Lean Sigma is a systematic approach to redesigning business operations to minimize wastes (Lean) and variations (Sigma) that occur through process repetition. Lean Sigma has been widely employed in manufacturing activities; for example, Toyota developed "lean" concepts in the "Toyota Production System".1 Additionally, Motorola and General Electric developed Six Sigma concepts.2
Lean Sigma applications in the pharmaceutical industry have been focused on factory-based pharmaceutical manufacturing environments.3 The manufacture of hundreds of batches of product is repetitive and minimal variation in output is a key goal. Savings made from minimizing wastes and costs through a coordinated Lean Sigma programme across the manufacturing sites of a global pharmaceutical manufacturing company can be highly significant - GlaxoSmithKline (GSK) reported savings of £300 million (€333 million) in 2004.4
There has been widespread interest in employing Lean Sigma approaches to pharmaceutical development activities because of the opportunity to reduce waste, cost, cycle time and variability in outputs. There has been a number of conferences on the industrial application of Lean Sigma in pharmaceutical R&D, but there are few published descriptions of actual implementation activities and their outcomes. This paper describes the authors' experiences in implementing Lean Sigma in the pharmaceutical development department of GSK. Learnings and recommendations regarding both the application of Lean Sigma and change management approaches are drawn from their experiences.

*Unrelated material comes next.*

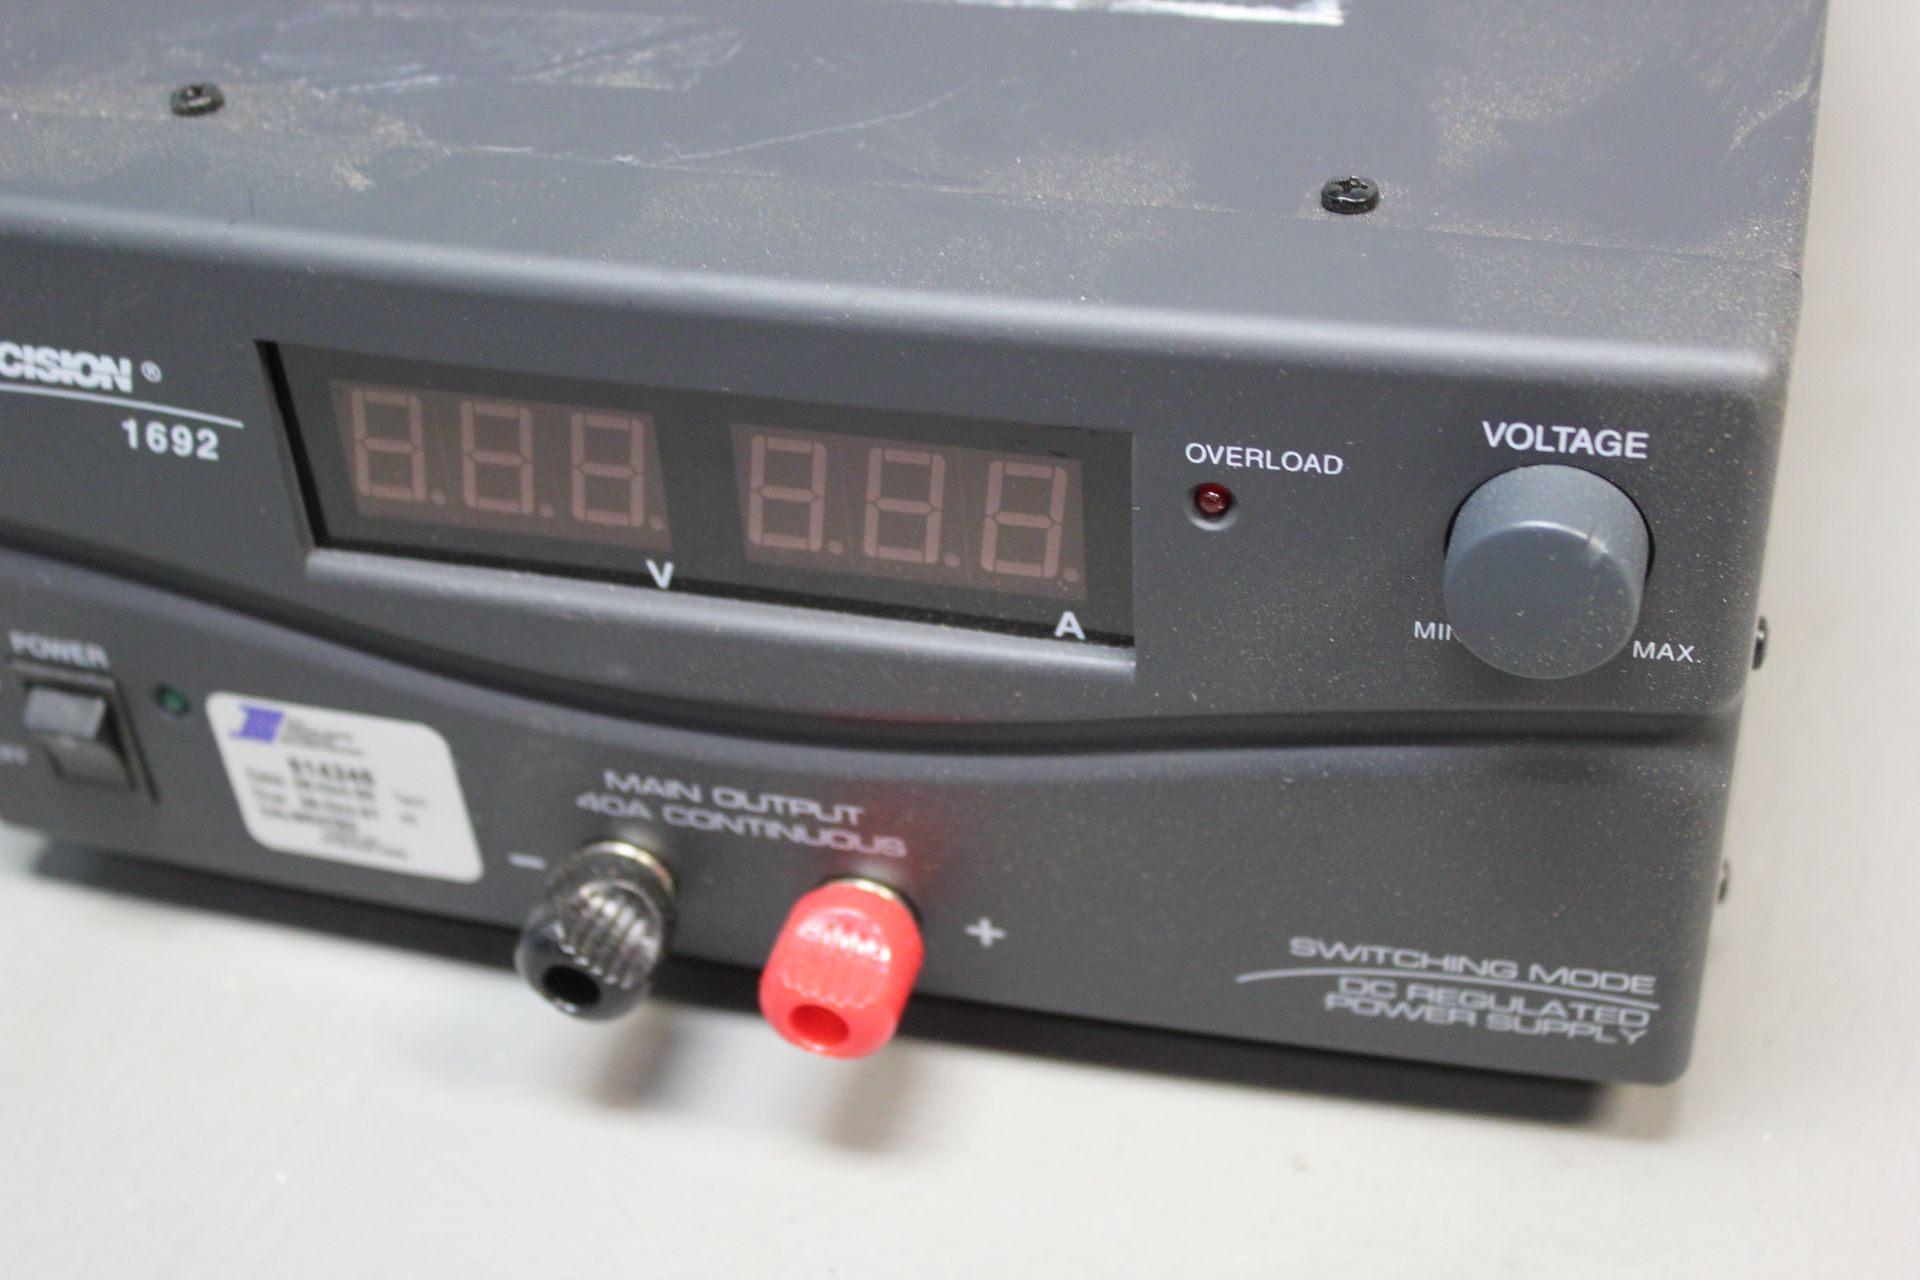 BK PRECISION DC REGULATED POWER SUPPLY - Image 3 of 6

It has been reported that 50% of change programmes fail to deliver and/or sustain benefits, which is attributed to problems of implementation.5 Careful and controlled change management is considered vital to successfully implementing and sustaining improvement projects to reap benefits. In the authors' work, structured change management approaches were employed in conjunction with Lean Sigma methods.
Broadly speaking, Lean Sigma involves assessing processes and operations to identify wastes (e.g., wasted time, money, material) and/or variations in the process employed or in the output (e.g., amount, quality, content). This assessment includes mapping and measuring cycle times, output quality and resource utilization for process activities. It is typically conducted by several process users at several locations to identify variations. Facts and data generated are used to identify potential benefits for each improvement project. The improvement project team members collect any additional data required, analyse it, and develop and implement the improved process. A key aspect of any Lean Sigma project is the delivery of a mechanism to sustain and build on the improvements for the long term.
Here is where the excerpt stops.